Баба Мотя со смехом машет рукой:
- Скажешь тоже! Куда мне на старости-то лет! Да и не больно я грамотная для этого. Ну, вот тебе, стало быть, расскажу чего-нибудь, коли пришла да интересуешься, может где-то и сгодится для тебя, в самом деле. Я ведь не здешняя, в Белозерском районе жила, а как на пенсию вышла, да Колю, мужа своего, схоронила, дочка меня сюда и выписала. А всё не могу родные места забыть. И воздух там какой-то другой был, духовитый, а уж леса - не чета тутошним. Богатые! Ягод, грибов! А цветов всяких... Выйдешь на полянку, а она вся синяя от незабудочек, будто небушко ясное на землю прилегло. Вот краса-то! Да и годков тогда было поменьше, и здоровья побольше. Чего теперь говорить, в старую жизнь ходу нет, только и осталось - вспоминать. А поговорить толком не с кем, ровесницы мои всё больше сплетничать привыкли, про политику да кино судить, дочери и внукам не до моих баек, у них работа, свои дела, свои разговоры. Ну, слушай, тебе, может, интересно будет, и я душу отведу...

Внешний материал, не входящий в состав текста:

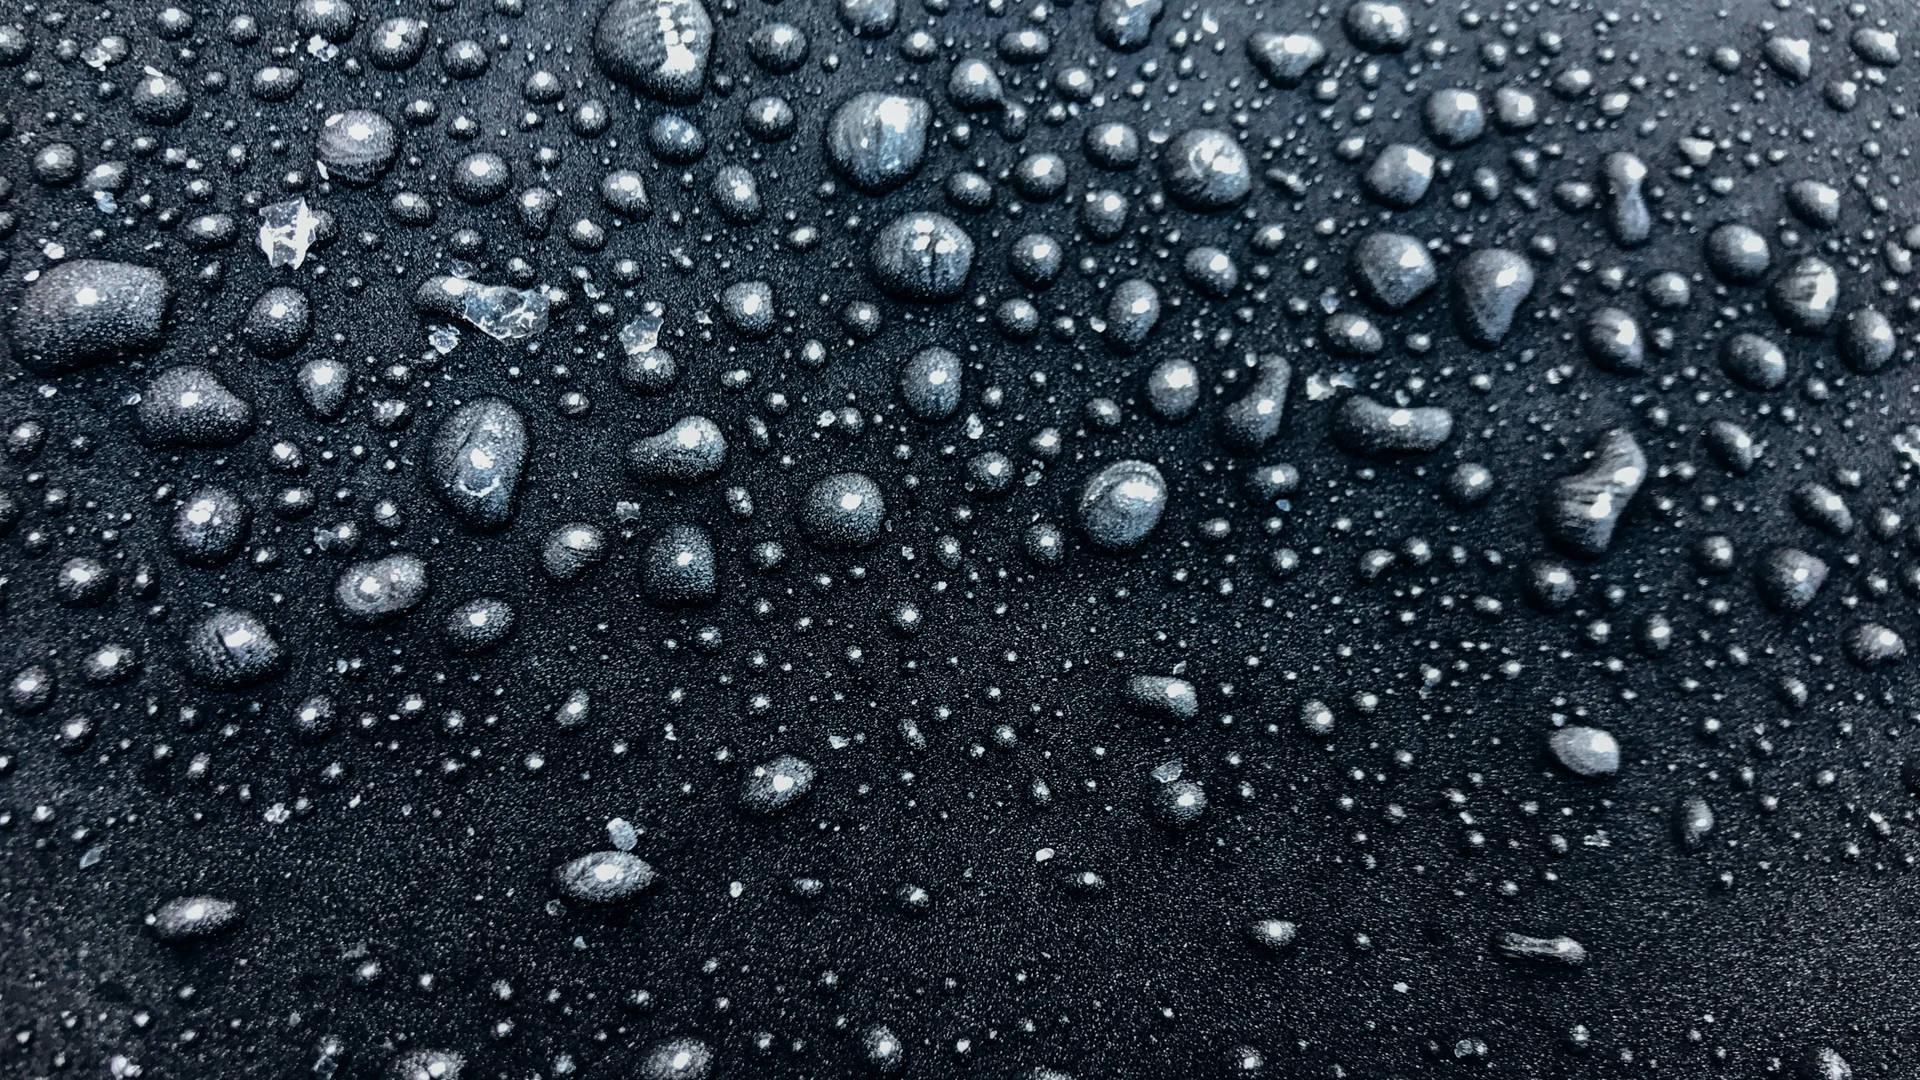 Caption: Enigmatic 4d Ultra Hd Close-up Of Matte Black Raindrops

Это вот на портрете - Коля мой. Здесь он уже в возрасте, вон и виски совсем седые, а смолоду чернявый был, цыганистый. Когда война началась я ещё девчонкой малолетней была, а Коля как раз перед войной женился. Всю войну, считай, прошёл, - один раз только ранило, не сильно. Вернулся домой живой, здоровый, - вроде бы, счастье. А счастья-то быть бывало. Сперва ждала его Раиса верно, как все бабы в нашей деревне своих мужей дожидались. Только вот не все дождались, много у нас вдов было. Потом запохаживал к ней мужичонка один, тоже наш, деревенский. Его по болезни на фронт не взяли, вот он и бригадирствовал над бабами в колхозе. Ну, сперва потихоньку ходил, огородами, по сумеркам, а потом и вовсе стыд потерял - напрямую по улице. А Колина-то мать как раз напротив жила, видно ей всё. Плакала, на людях сноху срамила, да всё бестолку. А сыну писать обо всём не смела, - и так ему на войне несладко, а тут такая весть.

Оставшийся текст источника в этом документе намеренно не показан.